If the receiver never posts one, the sender exhausts its retry count and will receive a WC with RNR Retry Error.
Multicast: One-to-Many
Multicast allows a UD QP to send messages to multiple UD QPs.
The mechanism is simple:
- A UD QP that wants to receive messages must call
ib_attach_mcast()to attach itself to a specific multicast group. - When the NIC receives a multicast packet, it replicates the packet to all QPs attached to that group.
Don't want to receive anymore? Just call ib_detach_mcast().
Userspace vs. Kernel API
The beauty of RDMA is that the APIs used in userspace and kernel space are almost identical.
- Prefixes: The kernel uses
ib_, while userspace usesibv_. - Control path: When userspace calls control functions, it traps into the kernel because it needs to manipulate privileged resources (like allocating a QP number).
- Differences:
- Some QP types are only visible in the kernel (SMI, GSI).

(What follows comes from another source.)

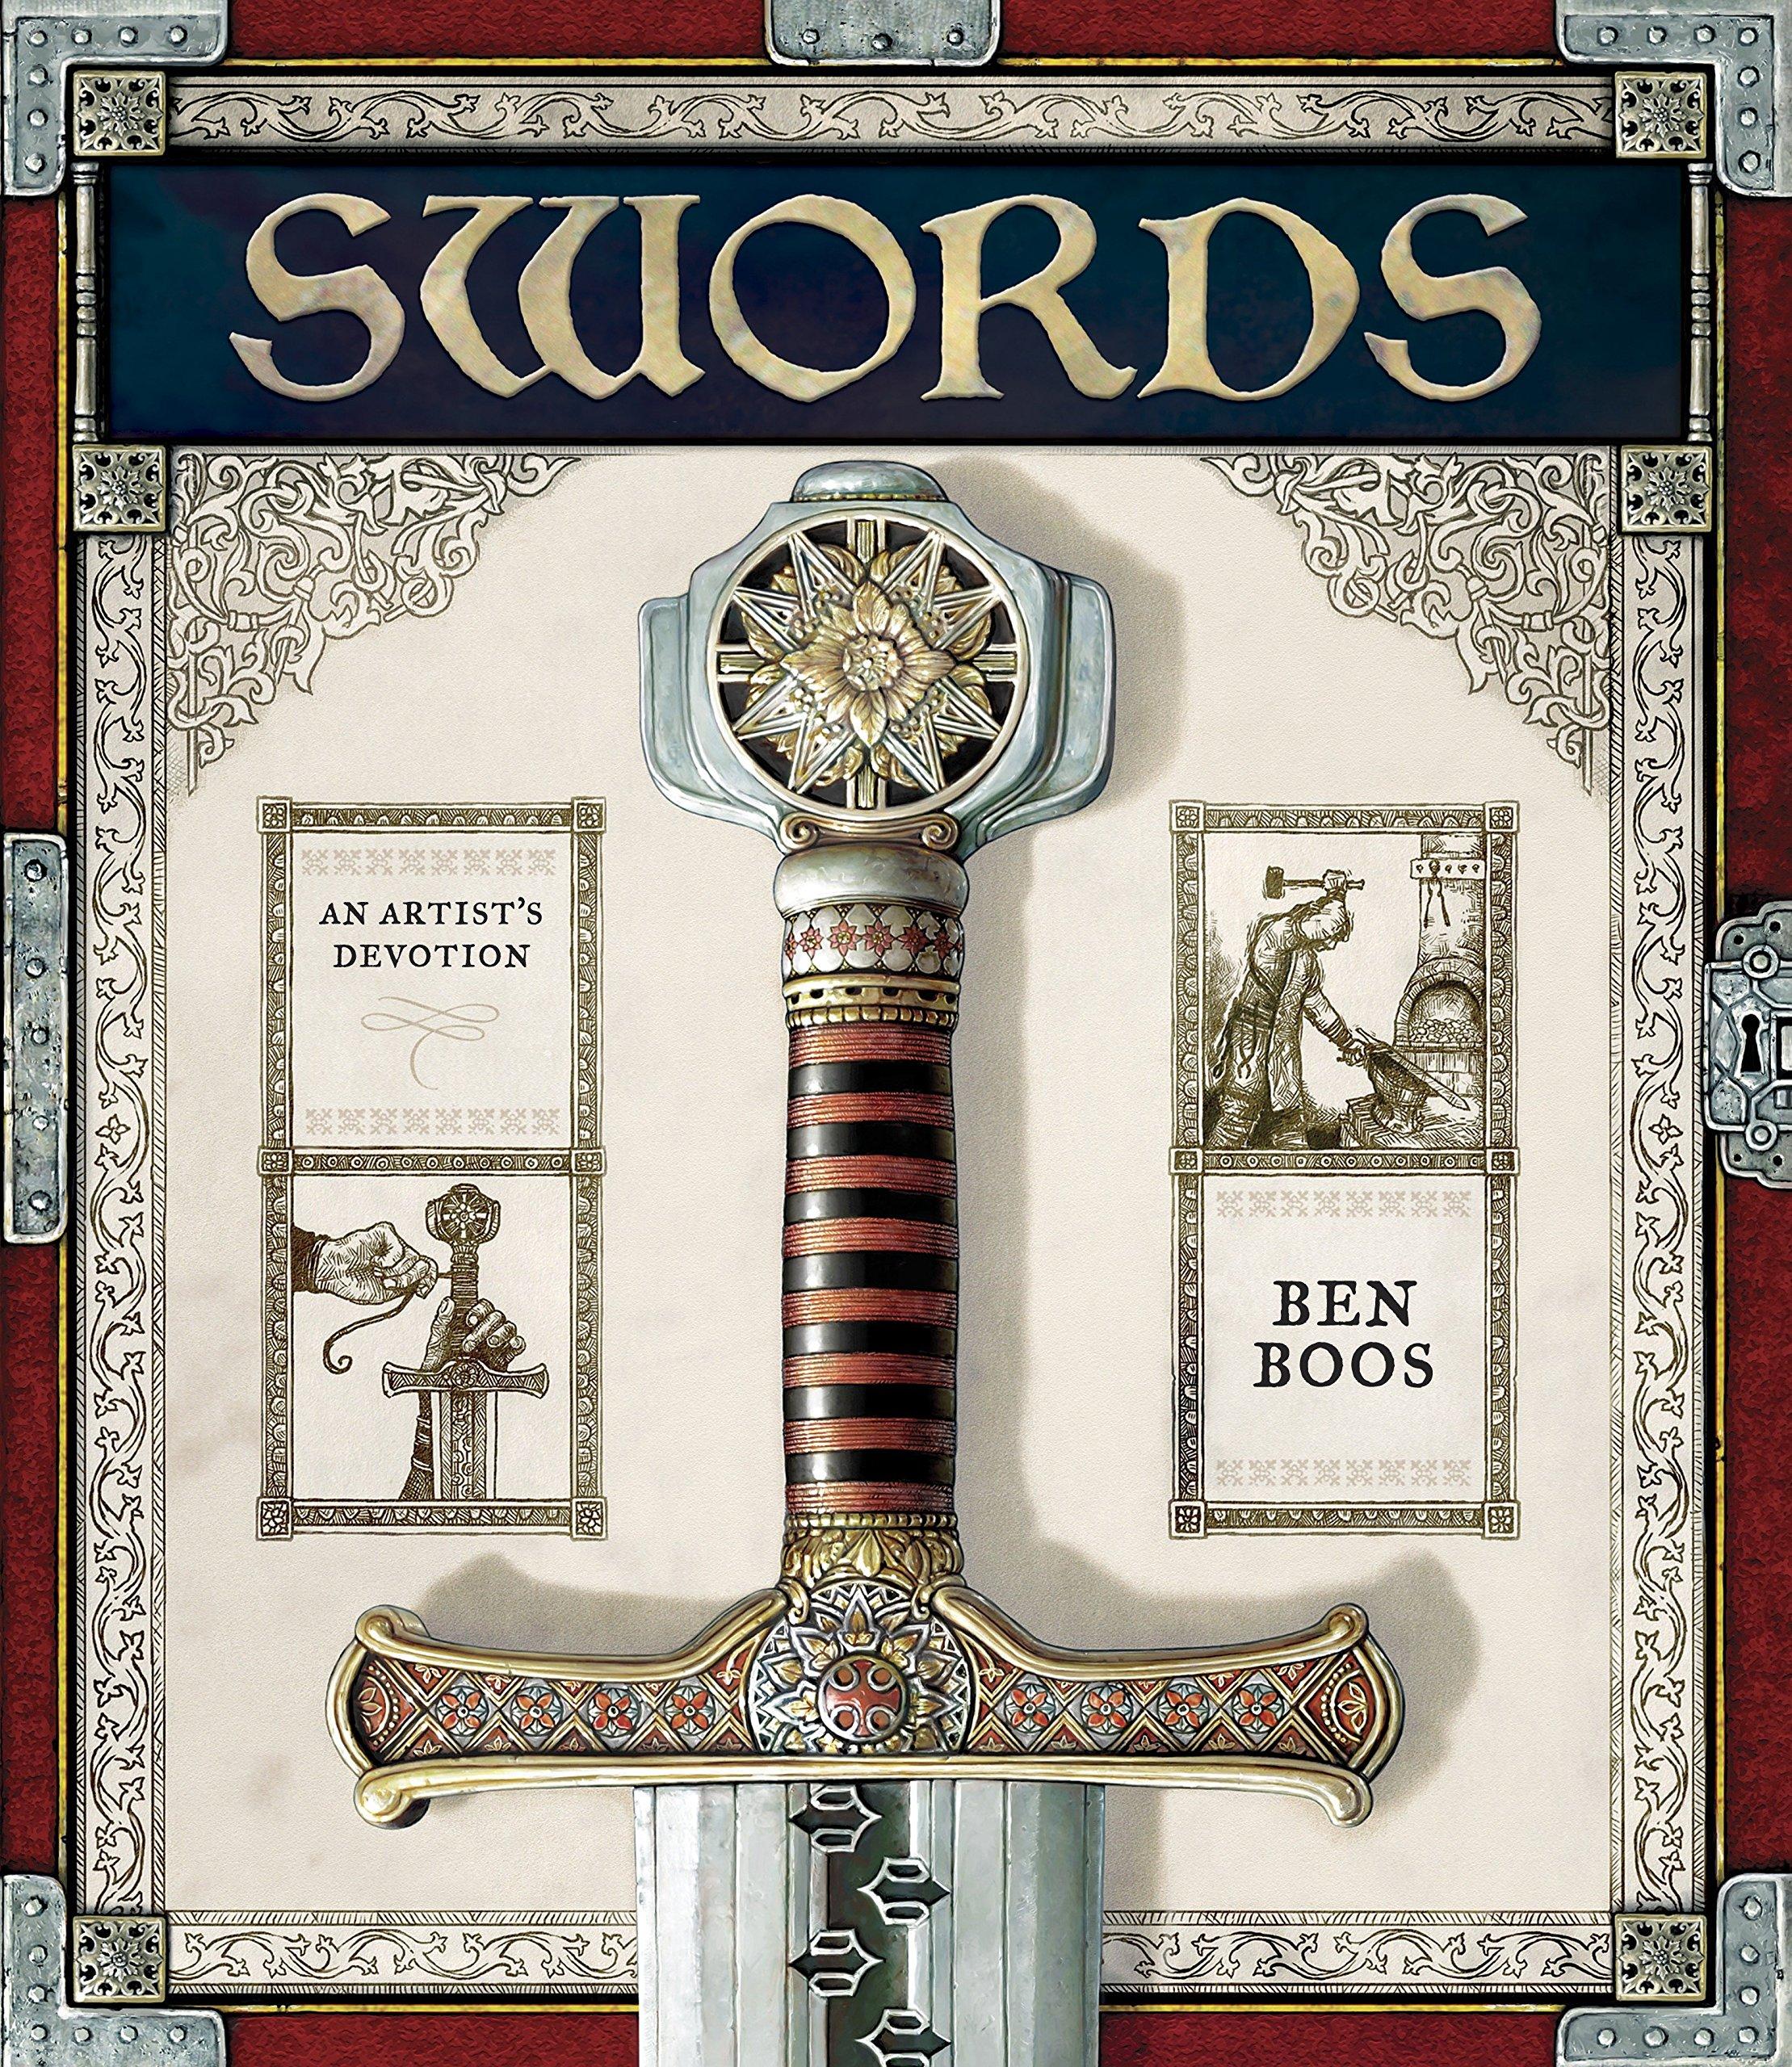 Swords: An Artist's Devotion

- Some privileged operations can only be done in the kernel (physical memory registration, FMR).
- Notification mechanism: The kernel API is asynchronous (callback functions); the userspace API is synchronous, requiring you to actively poll the CQ or events.
Chapter Summary
We've come a long way in this chapter. From InfiniBand's zero-copy and kernel bypass advantages, to the complex software and hardware architecture, to the creation and management of core objects like QPs, MRs, and CQs.
In this final section, we tied these objects together, demonstrating how to make data flow through Send and RDMA operations.
The RDMA learning curve is indeed steep—you have to understand address translation, memory registration, state machines, retry flows... But once you tame this system, what you get is a powerful engine that can bypass the operating system kernel and directly touch the pulse of the network.
In the next chapter, we will turn our gaze to a broader system perspective—network namespaces and the Bluetooth subsystem.